Instructions to follow =
The listing below should be printed exactly, every line of it. Skip the pictures.

Dataset extract =
↓
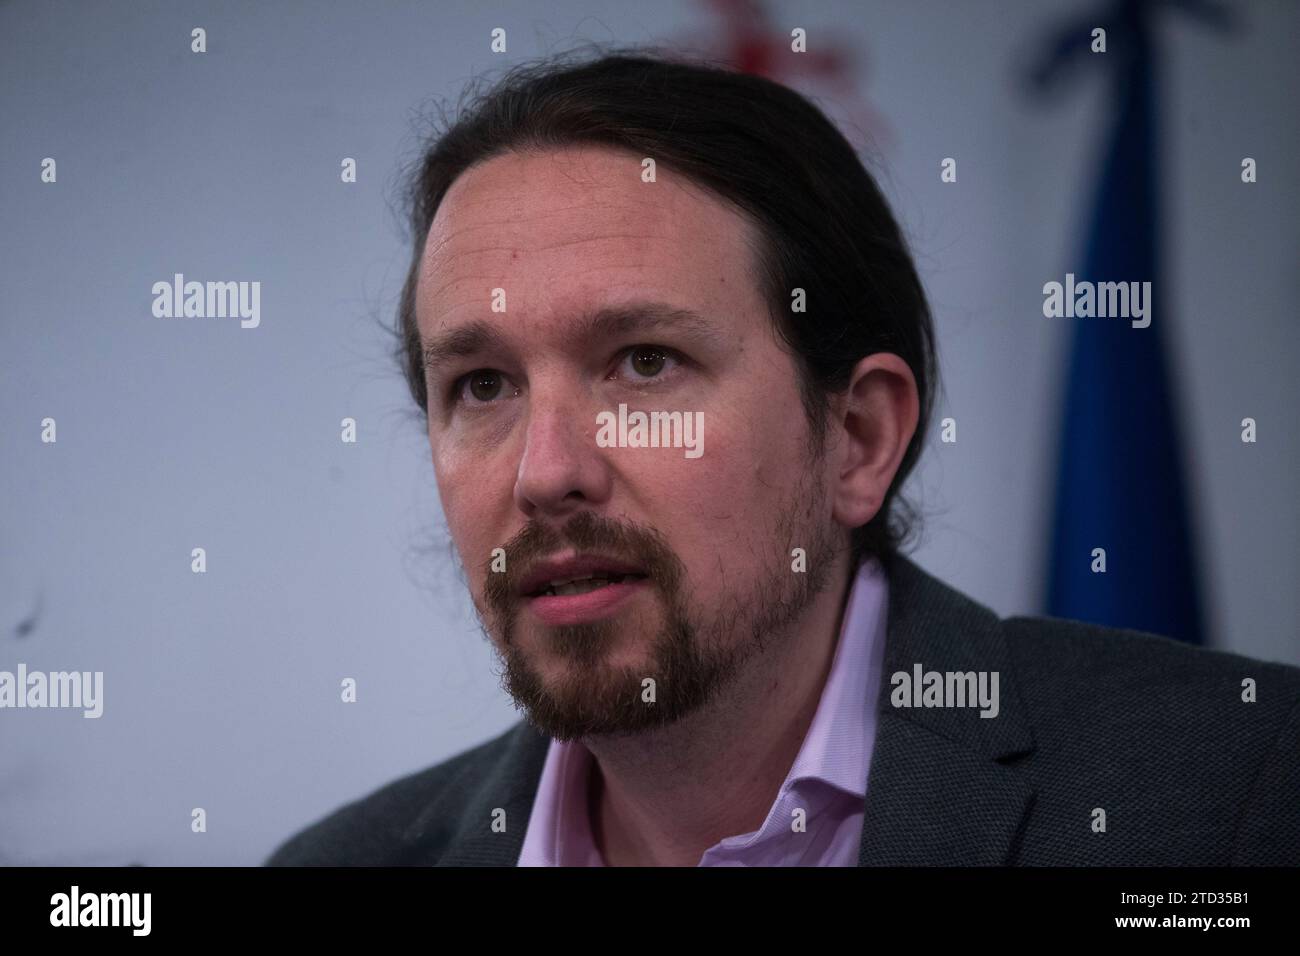 Madrid, 05/07/2019. Press conference by the leader of Unidas Podemos Pablo Iglesias at the Moncloa Palace after meeting with the President of the Government Pedro Sánchez. Photo: Ángel de Antonio archdc. Credit: Album / Archivo ABC / Ángel de Antonio Stock Photo
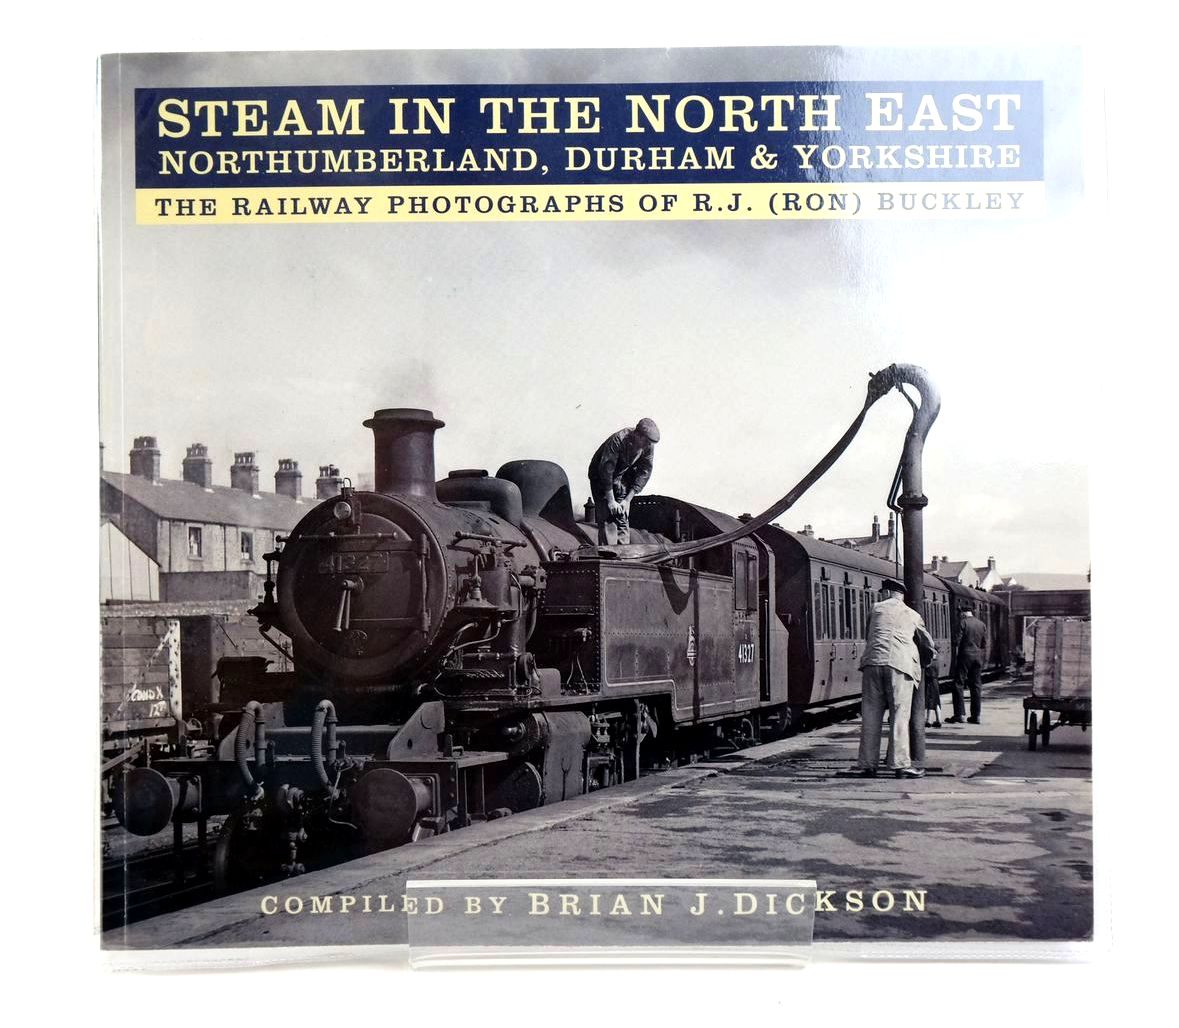 Photo of STEAM IN THE NORTH EAST NORTHUMBERLAND, DURHAM & YORKSHIRE: THE RAILWAY PHOTOGRAPHS OF R.J. (RON) BUCKLEY written by Dickson, Brian J. illustrated by Buckley, R.J. published by The History Press (STOCK CODE: 1321590)  for sale by Stella & Rose's Books
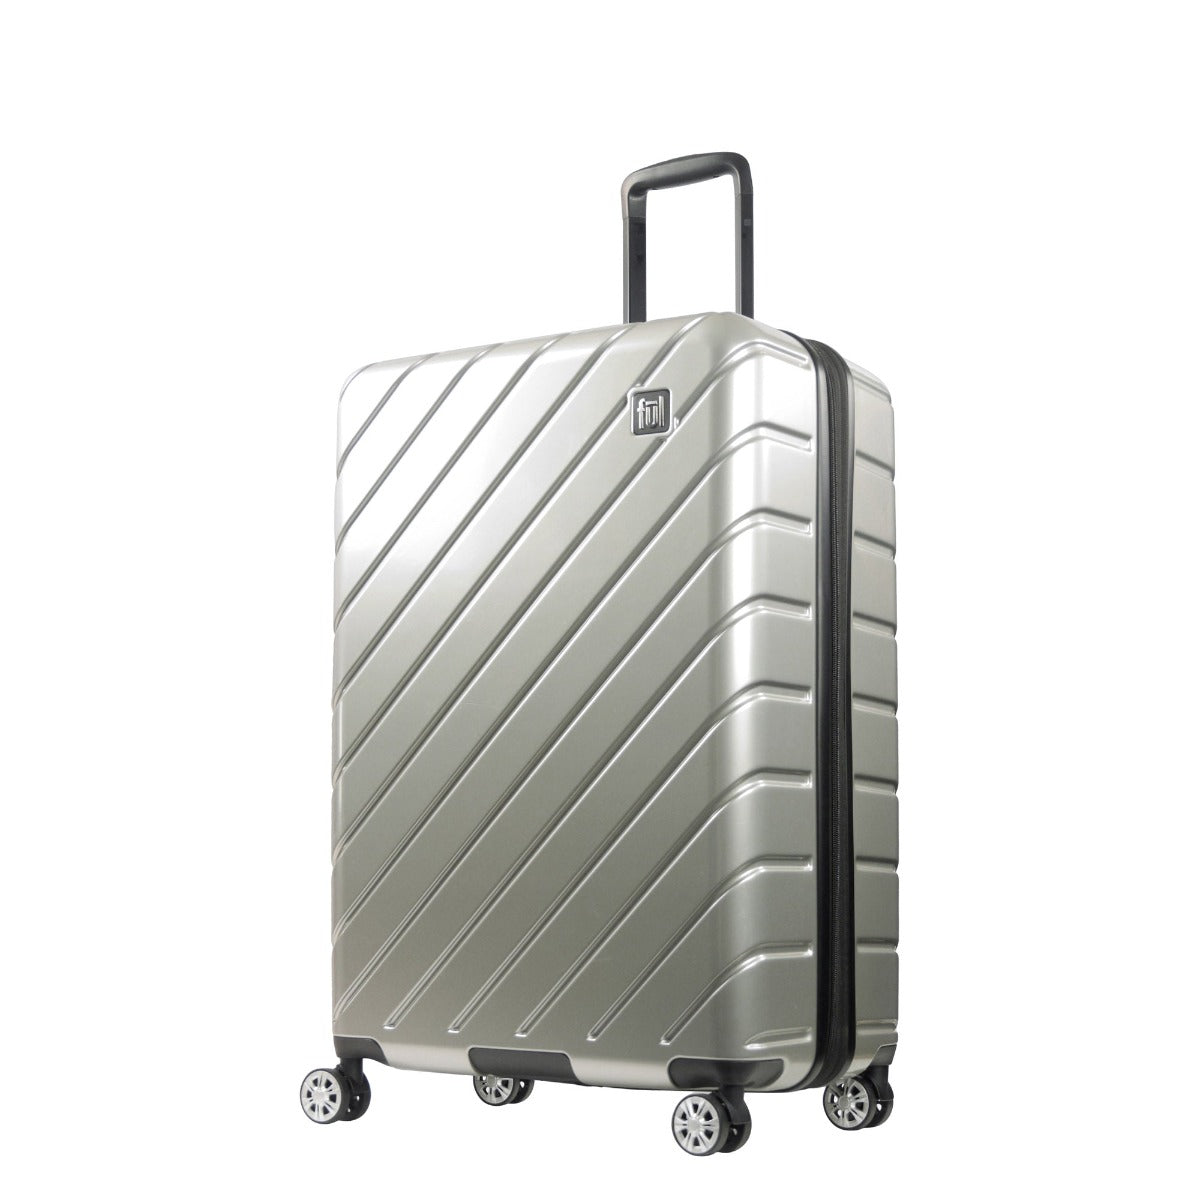 Velocity 31" Hardside Spinner Suitcase Checked Luggage Suitcase Silver
↑
Solution to the problem =
 Madrid, 05/07/2019. Press conference by the leader of Unidas Podemos Pablo Iglesias at the Moncloa Palace after meeting with the President of the Government Pedro Sánchez. Photo: Ángel de Antonio archdc. Credit: Album / Archivo ABC / Ángel de Antonio Stock Photo
 Photo of STEAM IN THE NORTH EAST NORTHUMBERLAND, DURHAM & YORKSHIRE: THE RAILWAY PHOTOGRAPHS OF R.J. (RON) BUCKLEY written by Dickson, Brian J. illustrated by Buckley, R.J. published by The History Press (STOCK CODE: 1321590)  for sale by Stella & Rose's Books
 Velocity 31" Hardside Spinner Suitcase Checked Luggage Suitcase Silver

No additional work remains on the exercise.